You could perhaps contrive something together with a timer to drive CS pin high/low (incl. 50ns high), fire an IRQ with correct delay, and initiate the first 32-bits of a read/write transaction along with a DMA transfer so that the hardware can do the rest (until you receive the next interrupt). But you would also need to move in/out data for the DMA ping-pong buffers.. so that's still quite a lot of CPU work to do every 8us.

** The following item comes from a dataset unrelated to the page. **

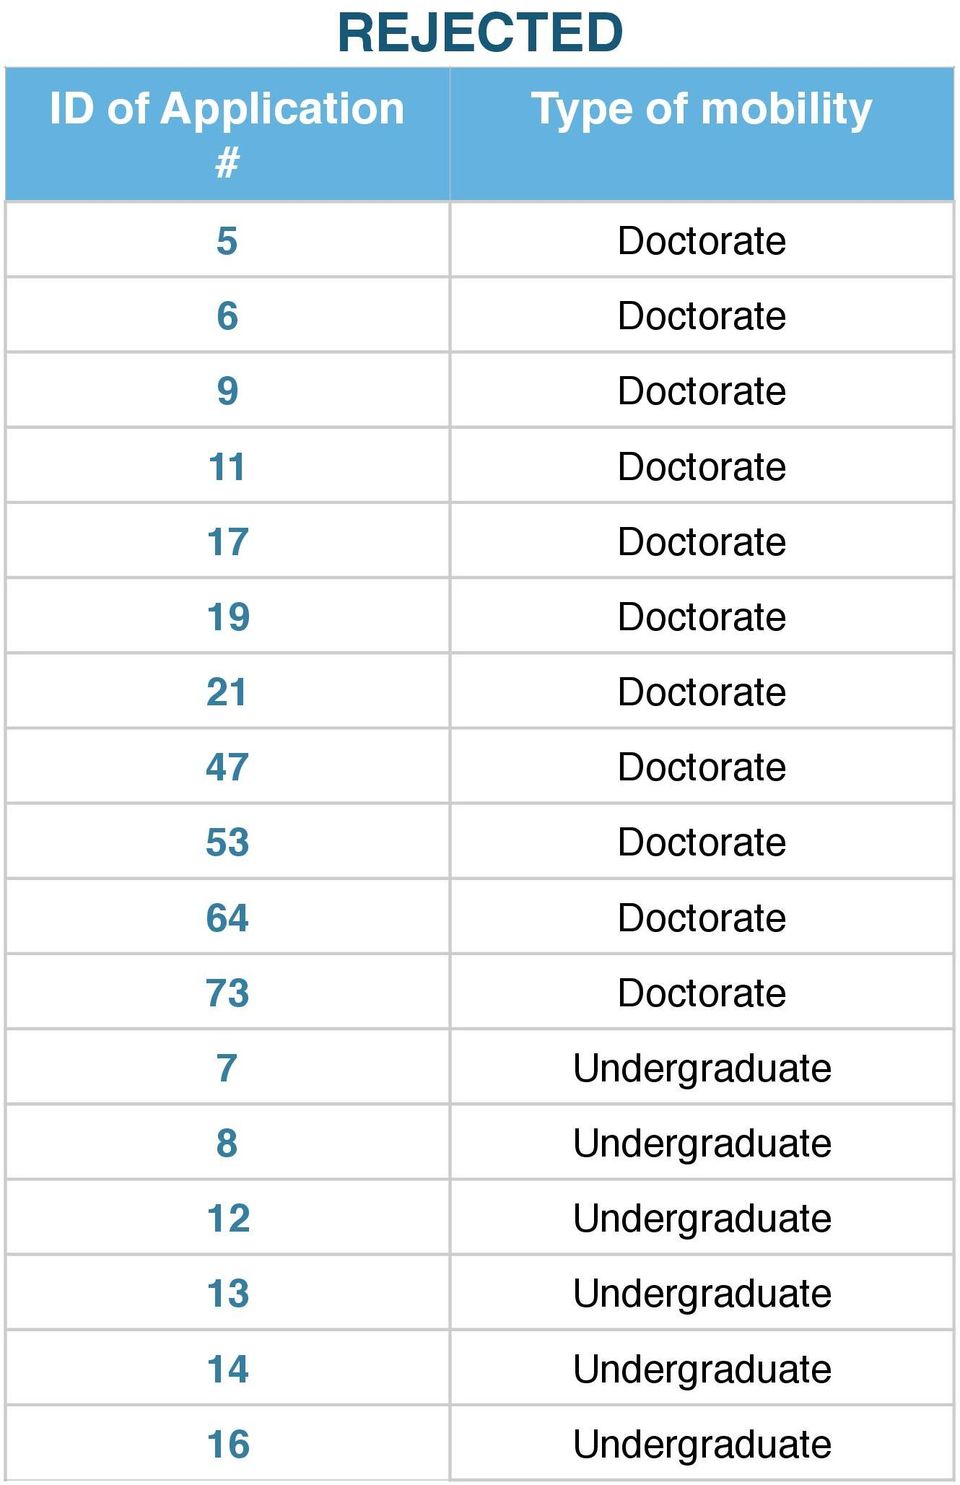 Doctorate 64 Doctorate 73 Doctorate 7 Undergraduate 8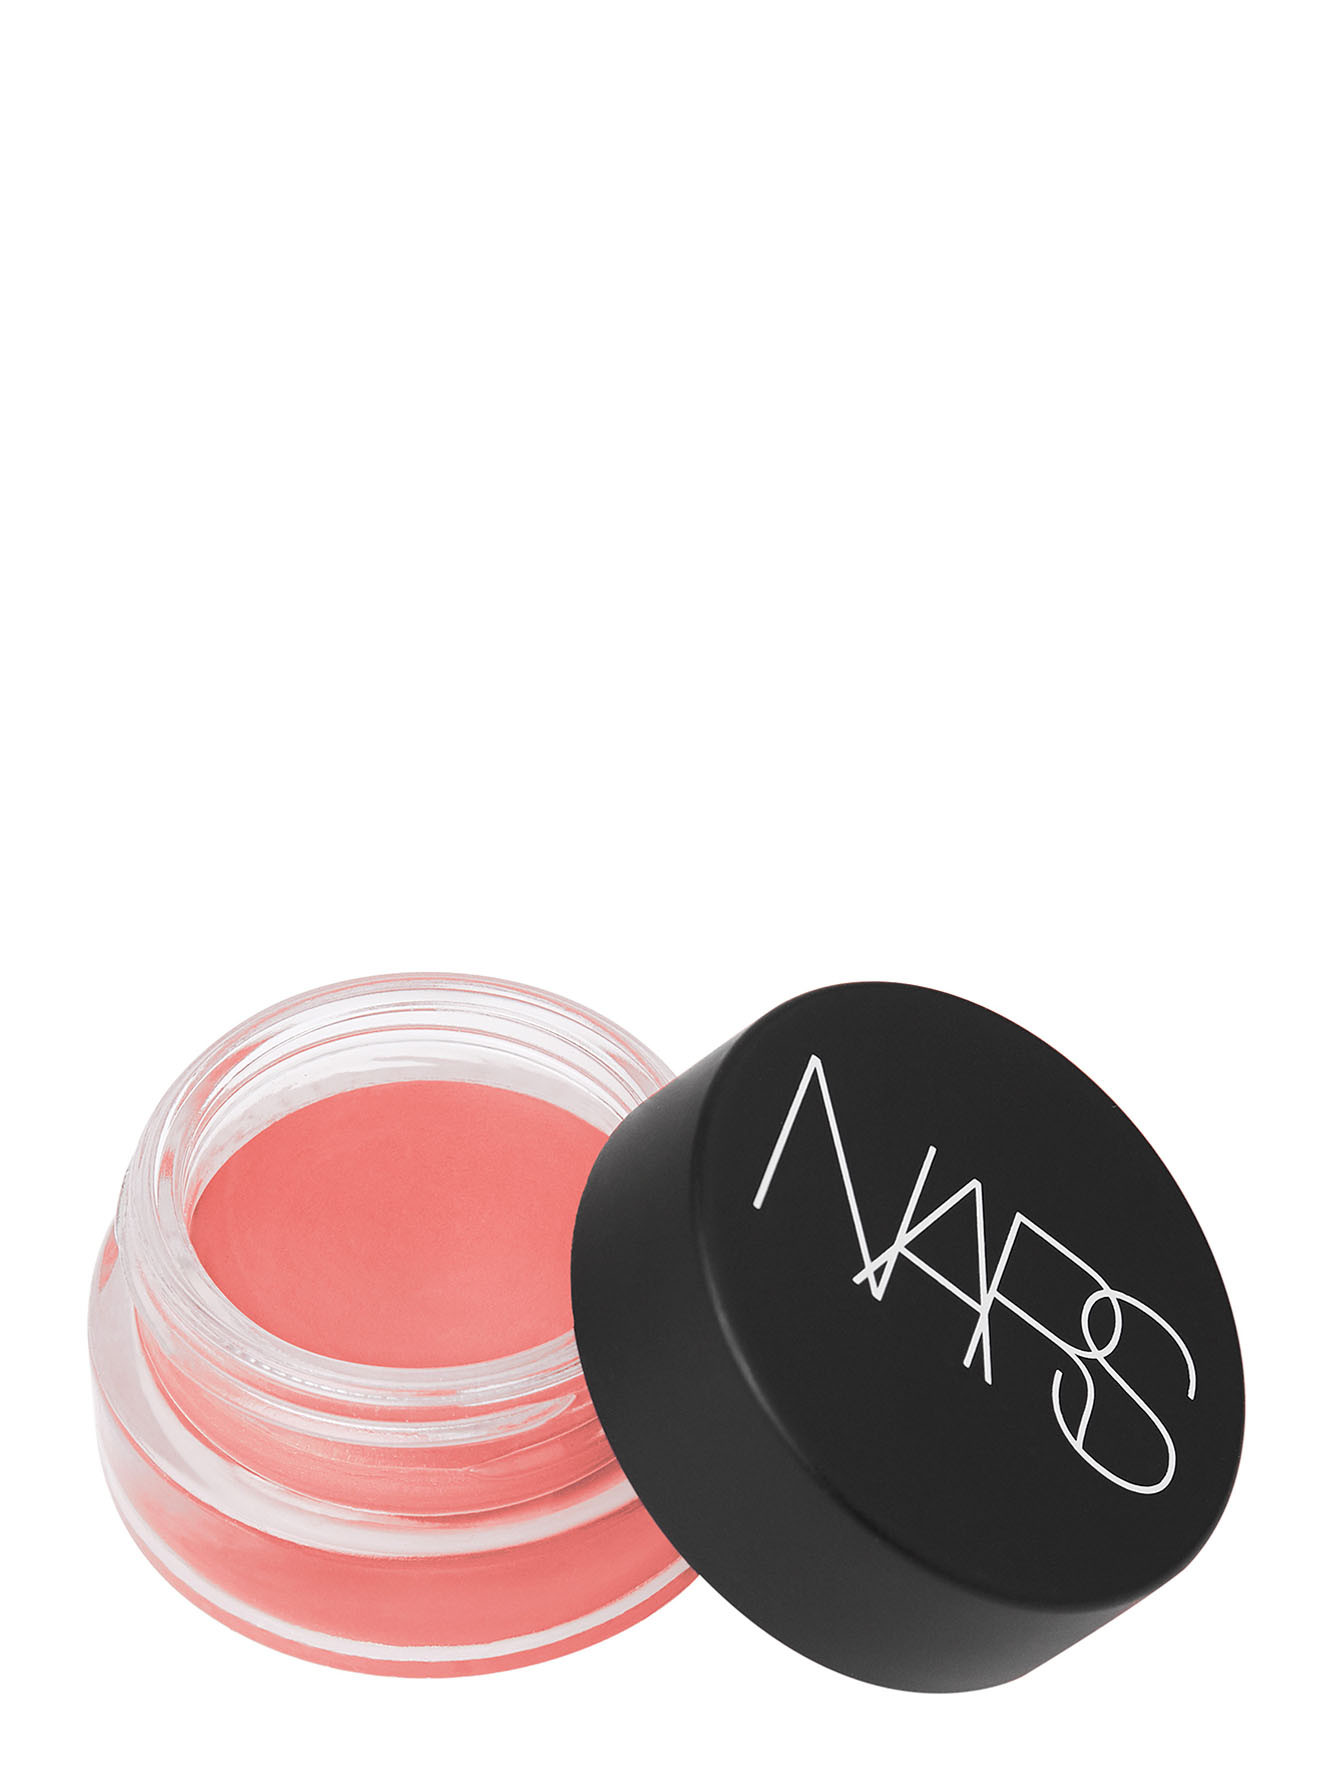  Кремовые румяна Air Matte Blush NARS Makeup - Общий вид

Unfortunately that SPI peripheral doesn't have a FIFO, so you may also need to wait on the first 16 bits to transfer through. Maybe you can get away with 2 sequential loads into DR (as the first 16-bits should instantly move into the shift register, leaving a space free for TXE='H'?), but I suppose that's undocumented behaviour.
Concerning the refreshing.. the memory bandwidth by doing a continuous transfer is not there I suspect. E.g. if you have a 8MB SDRAM chip with a 32ms refresh interval, then that means a refresh frequency of 31.25Hz. That's a continuous bandwidth of 250MB/s if want to do that by manually sequentially reading all data out in 1 continuous burst. You could just about do that with a 16-bit 133MHz SDRAM chip (or 66MHz DDR). But this 1-bit 21MHz chip? No way I'm afraid.
If you're doing random access transfers to each page, you might as well let the chip do it
I suspect that ESP implementation is also doing 1 or 4 byte transfers (very inefficiently), or what also wouldn't surprise me.. a complete disregard of reading datasheets. We all know how products are QA tested. It looks like that datasheet is a direct copy-paste. Probably some Shenzen OEM is baking those SPI RAM chips, and Espressif just drops them onto their designs.
How much memory do you need? Because Microchip also has SRAM SPI chips that are 1Mbit in size and go up to 20MHz. And ISSI have some that even go up to 45MHz.